Uszkroeit founded Inceptive AI in 2021, aiming to use AI to design novel biomolecules for vaccines, therapies, and other treatments, essentially creating a new "biological software." Uszkroeit said, "My first child was born during the pandemic, and that really made me realize the fragility of life, among other reasons."


What lies ahead after Transformer?


Jensen Huang asked the team members about the most important improvements to the foundational design of Transformer. Gomez answered that a lot of work has been done to speed up these models in inference. However, Gomez expressed dissatisfaction with all the developments today being based on the fact of Transformer.


"I still feel uncomfortable with how similar we are to the original form. I think the world needs something better than Transformer," he said, adding that he hopes Transformer will be replaced by a "new performance peak." "I think it's too similar to something from six or seven years ago."


Jones mentioned that companies like OpenAI are currently using a lot of computational power. When Jensen asked about their interest in larger context windows and faster token generation, he said, "I think they're doing a lot of wasted computation." Jensen Huang quickly added, "We're working hard to improve efficiency."


Uszkroeit believes that the key to solving the computational problem lies in proper allocation. "It's really about putting in the right amount of effort and eventually energy," he said. Additionally, he finds the State Space Model (SSM) "too complex" and "not elegant enough."


Meanwhile, Ashish Vaswani, CEO of Essential AI, believes that the right interface is crucial to create better models. "If we eventually want to build models that can imitate and learn how to solve tasks by observing us, then the interface becomes crucial," he said.
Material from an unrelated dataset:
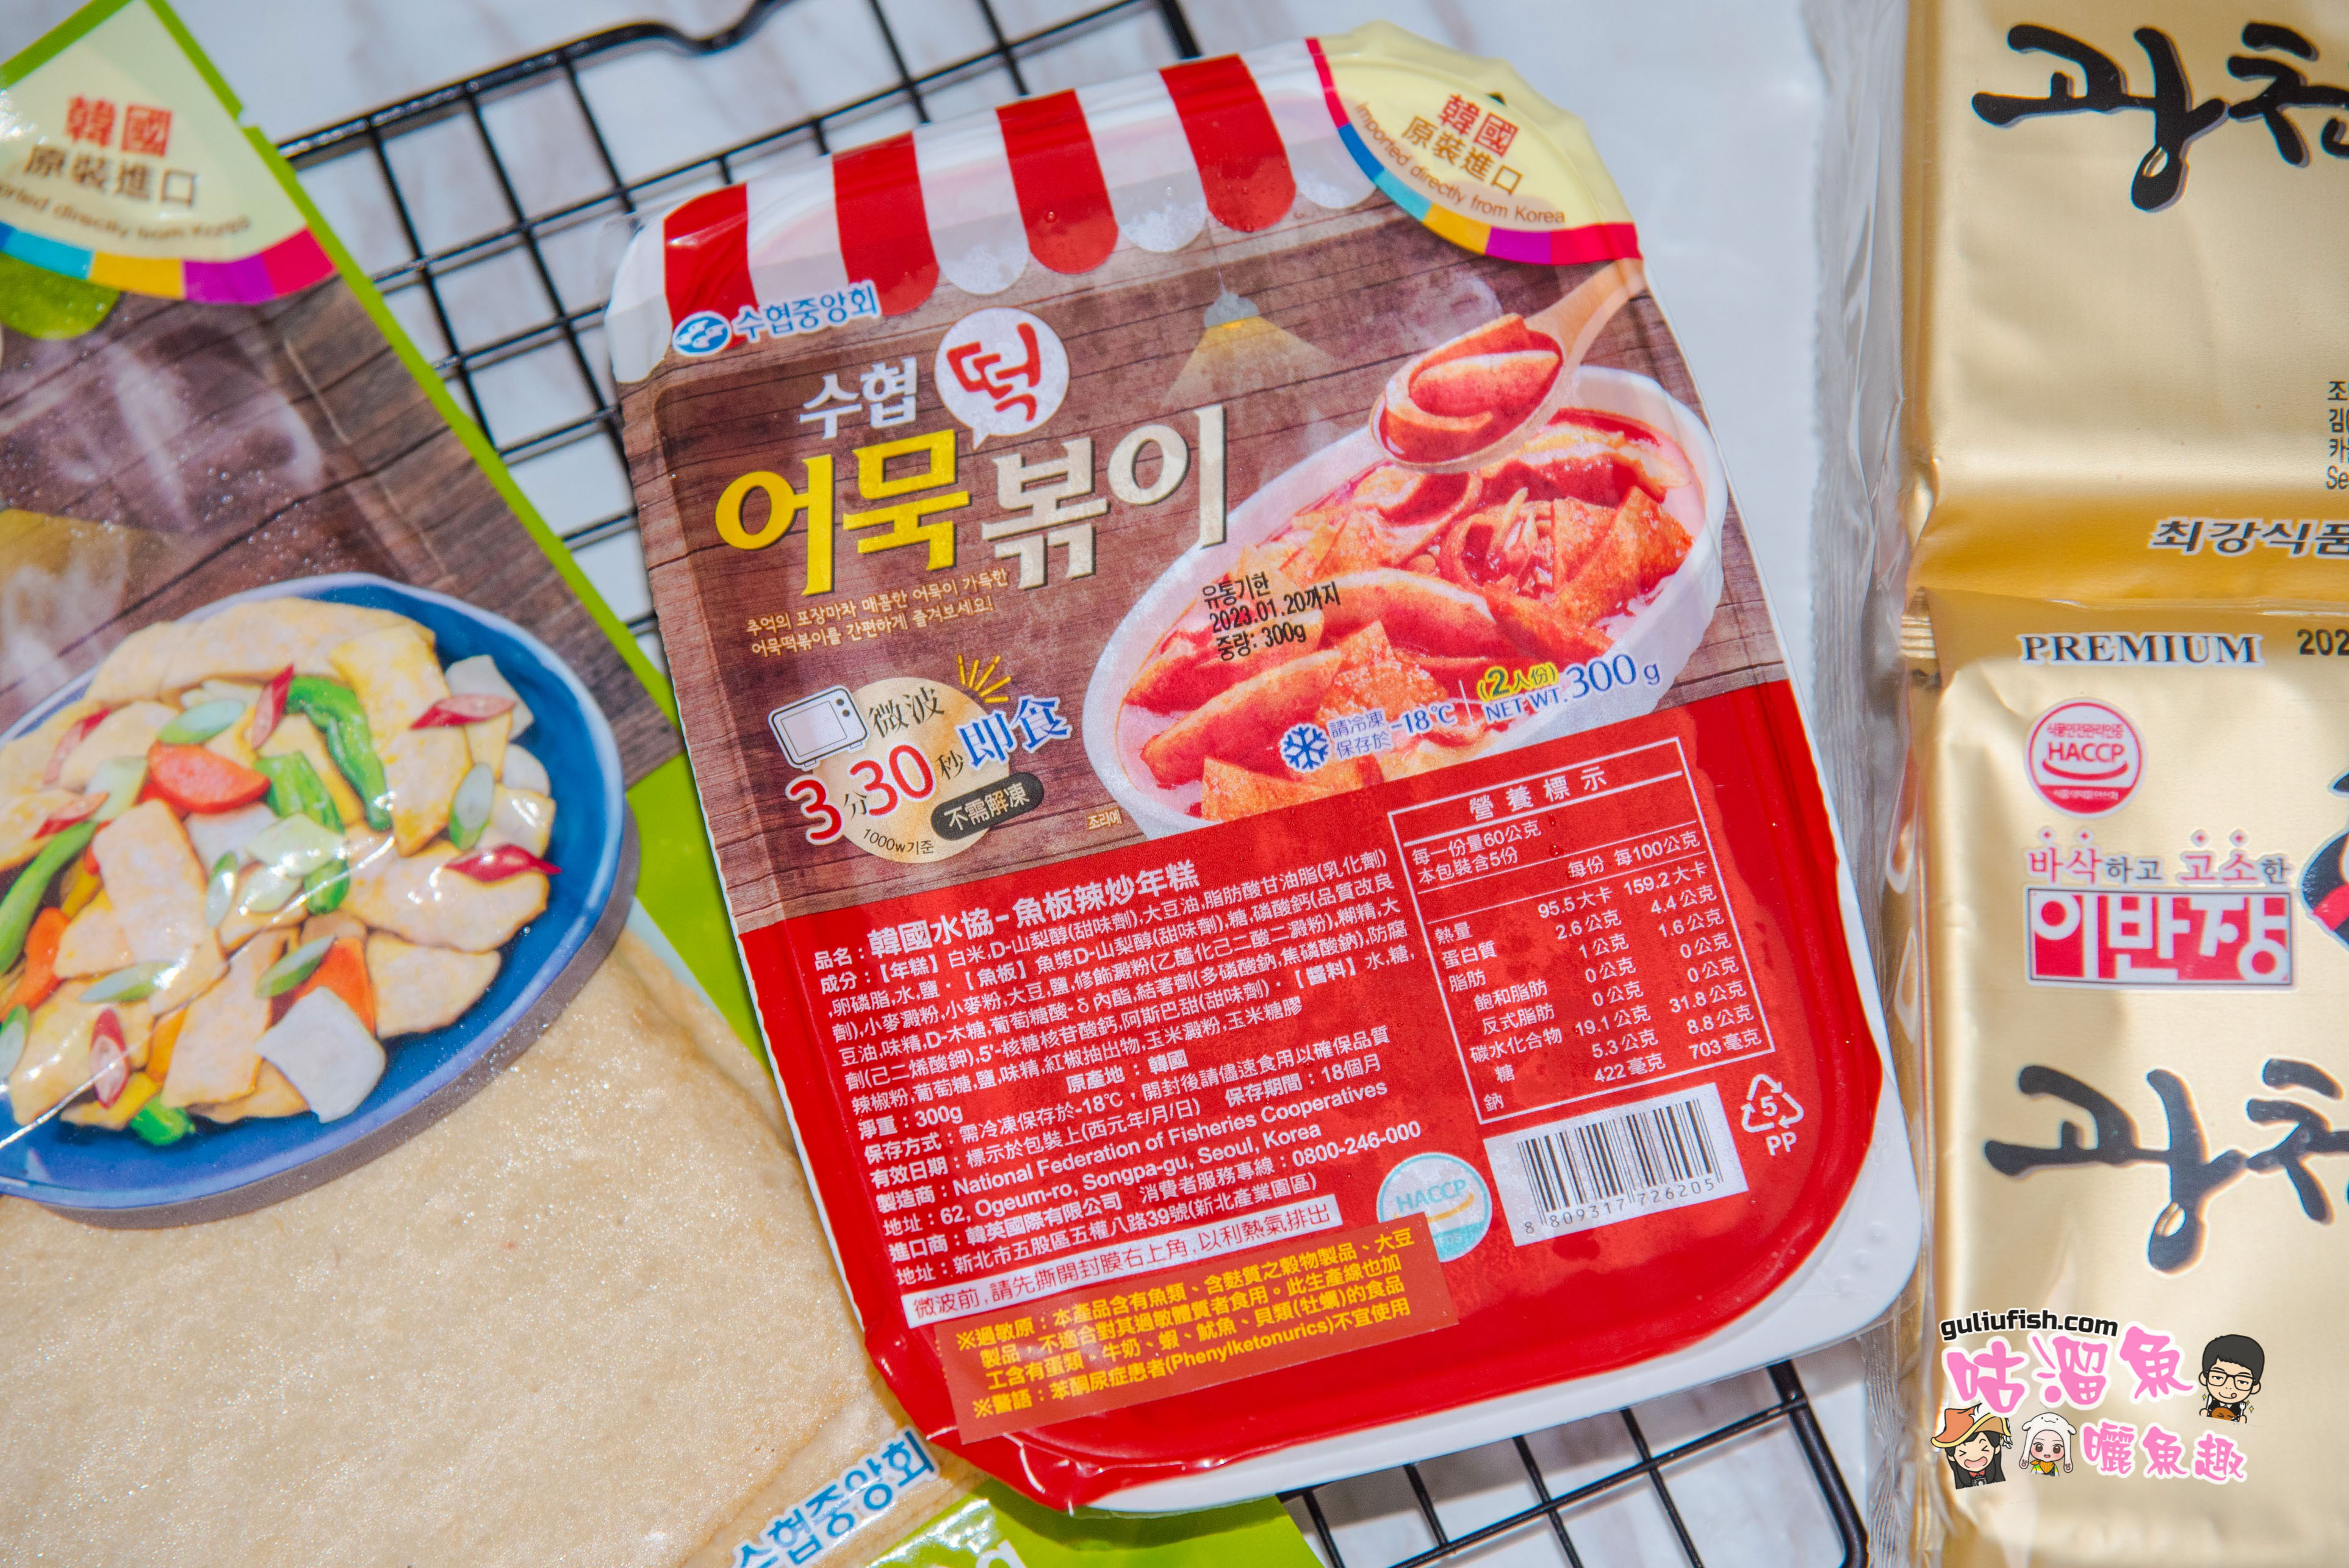 韓國料理食材推薦》韓國水協/韓英：在家也能簡單輕鬆做料理，多種韓國食材的創意料理食譜
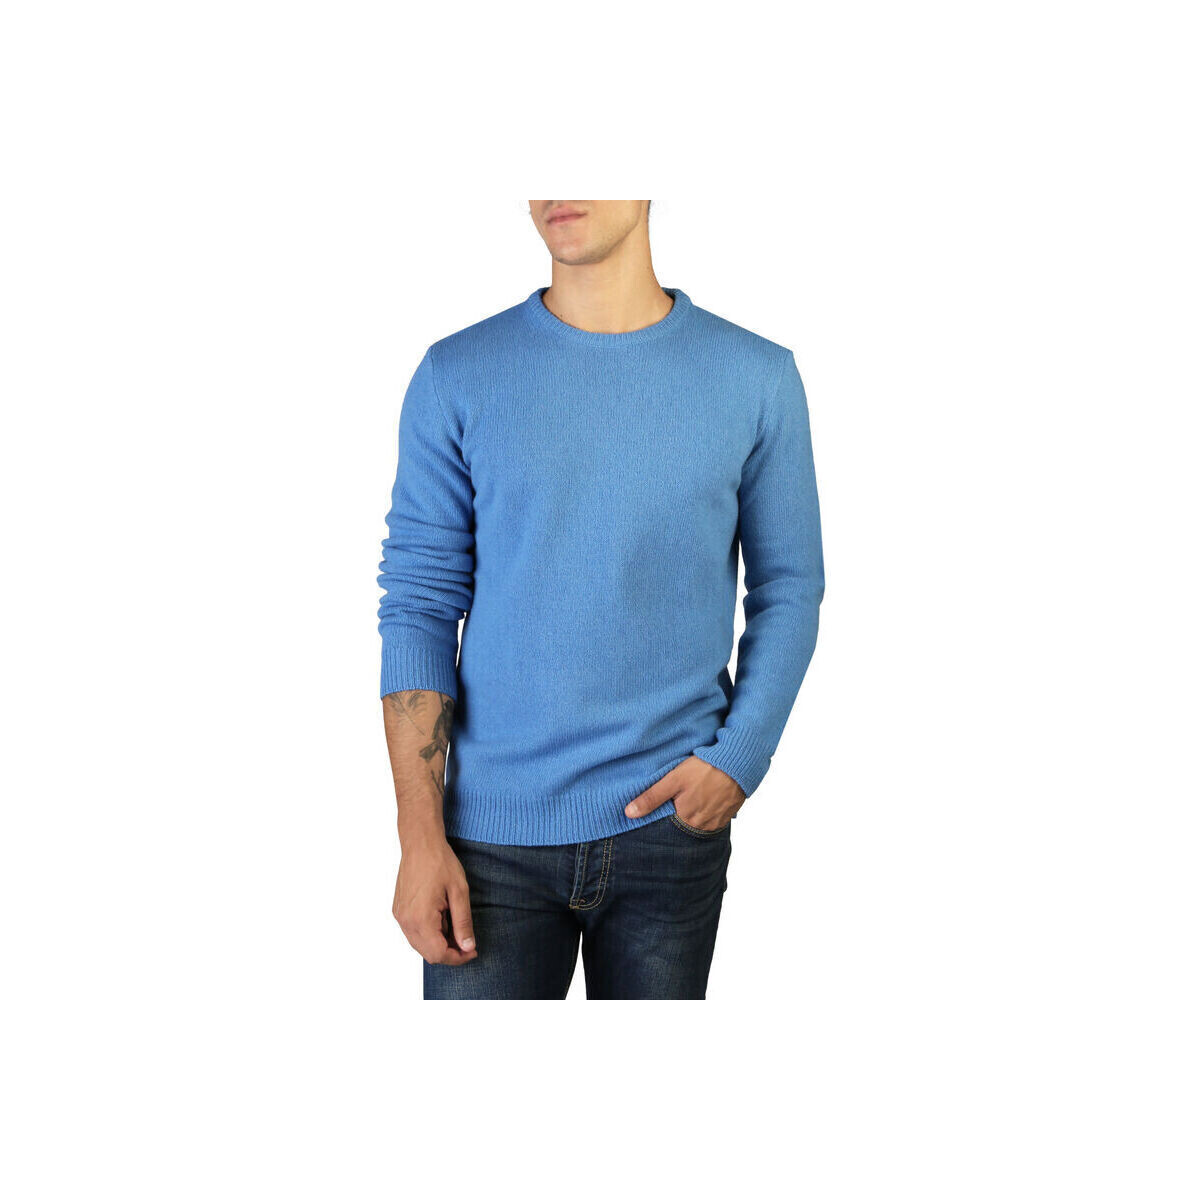 Textil Homem camisolas 100% Cashmere Jersey Azul

Jones believes that many young researchers have forgotten the era before Transformer. He stated that all the problems they faced when trying to make things work at that time are likely still present in these models. "People seem to have forgotten the era before Transformer, so they have to rediscover all those problems," he added.


Polusukhin mentioned that Transformer has a loop step. "Interestingly, I found that nobody really takes advantage of the fact that you can run the Transformer with a variable number of steps and train it differently," he said.


Meanwhile, Lukasz Kaiser believes that we never truly learned how to train recurrent layers using gradient descent. "I personally believe that we never really learned how to train recurrent layers using gradient descent. Maybe it's just not possible," he said.